Your goal – Set down all of the data that follows word for word, without the images.

Input data –
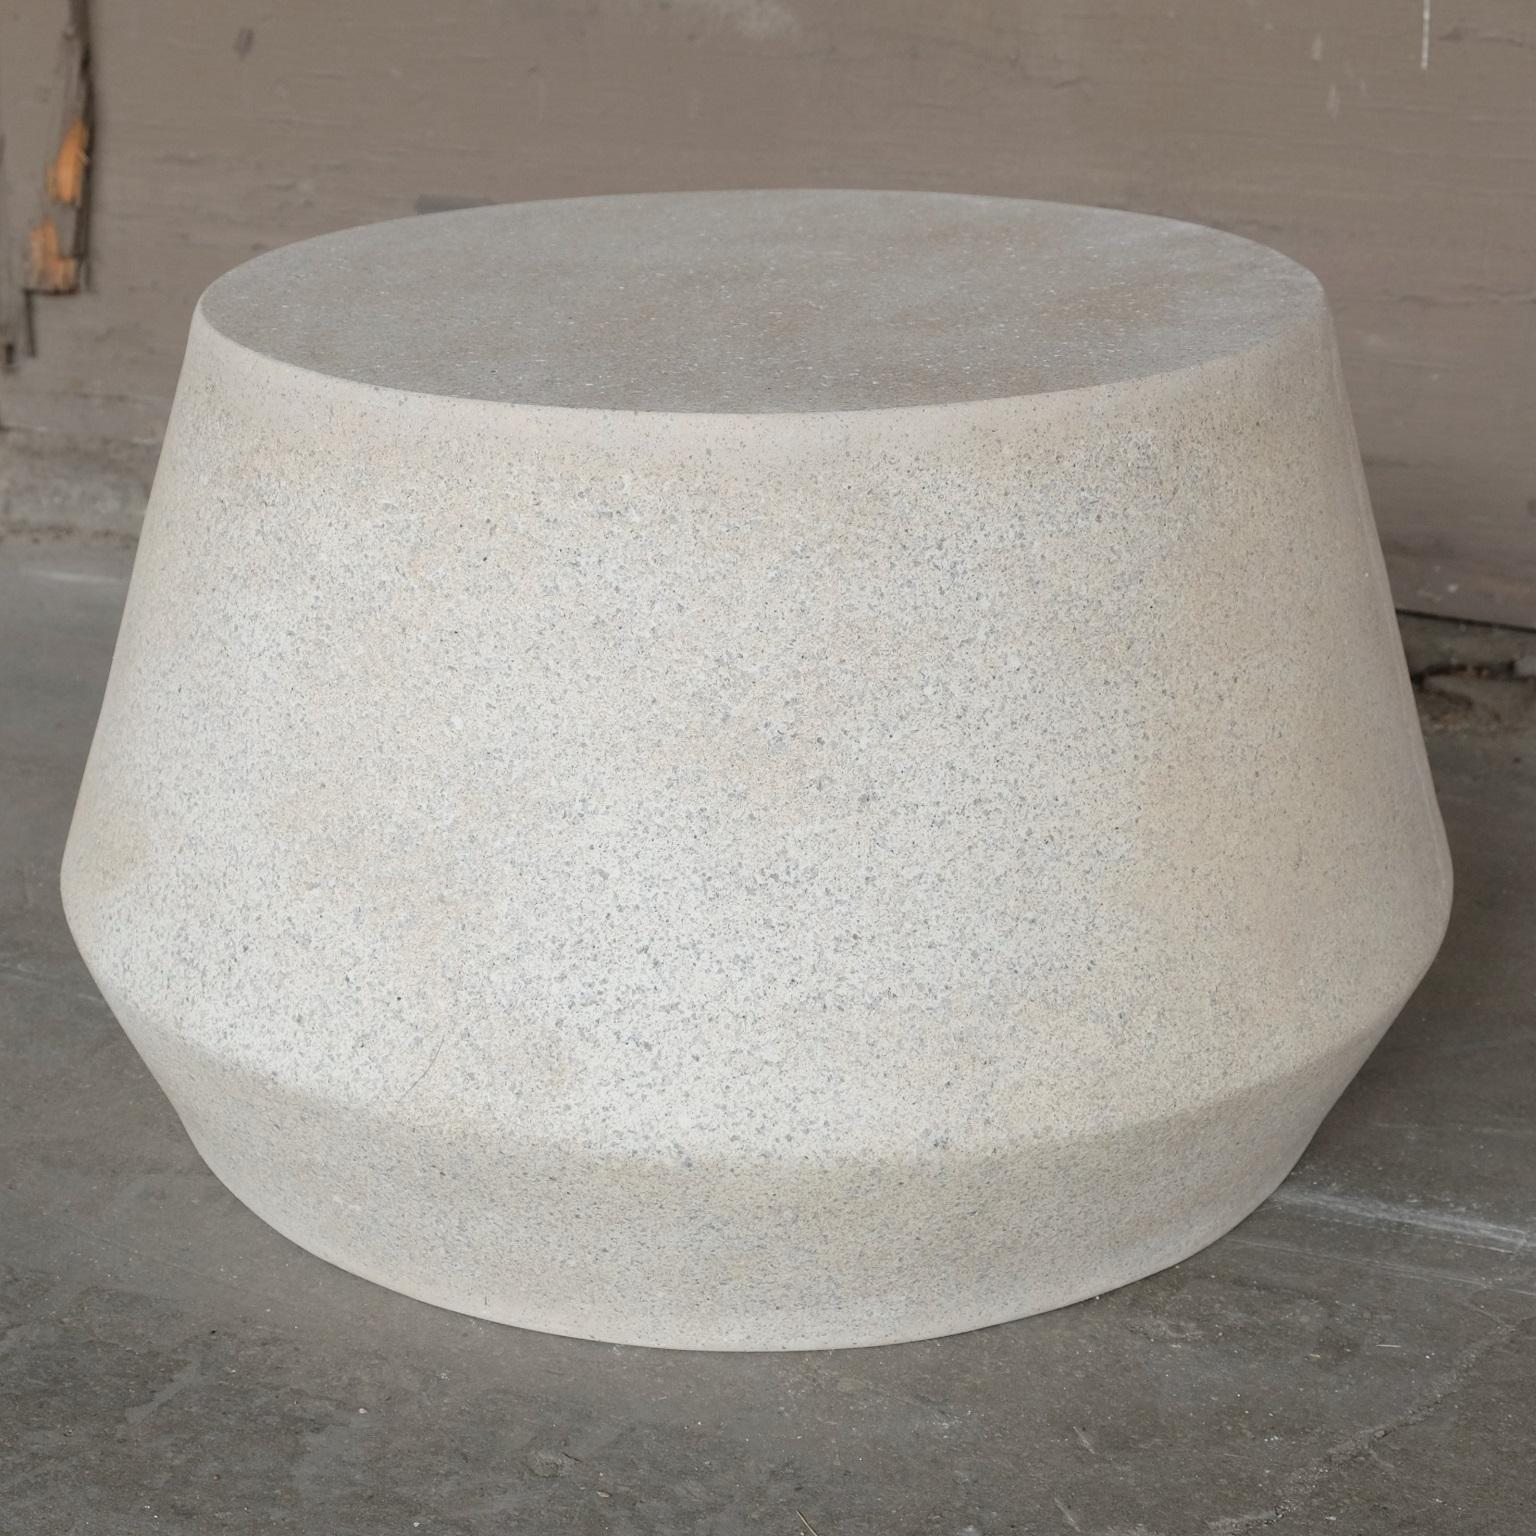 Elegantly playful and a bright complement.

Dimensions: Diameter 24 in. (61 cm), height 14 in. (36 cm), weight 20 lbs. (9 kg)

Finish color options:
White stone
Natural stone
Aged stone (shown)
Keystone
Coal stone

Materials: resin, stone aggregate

Problem solution –
 Elegantly playful and a bright complement.

Dimensions: Diameter 24 in. (61 cm), height 14 in. (36 cm), weight 20 lbs. (9 kg)

Finish color options:
White stone
Natural stone
Aged stone (shown)
Keystone
Coal stone

Materials: resin, stone aggregate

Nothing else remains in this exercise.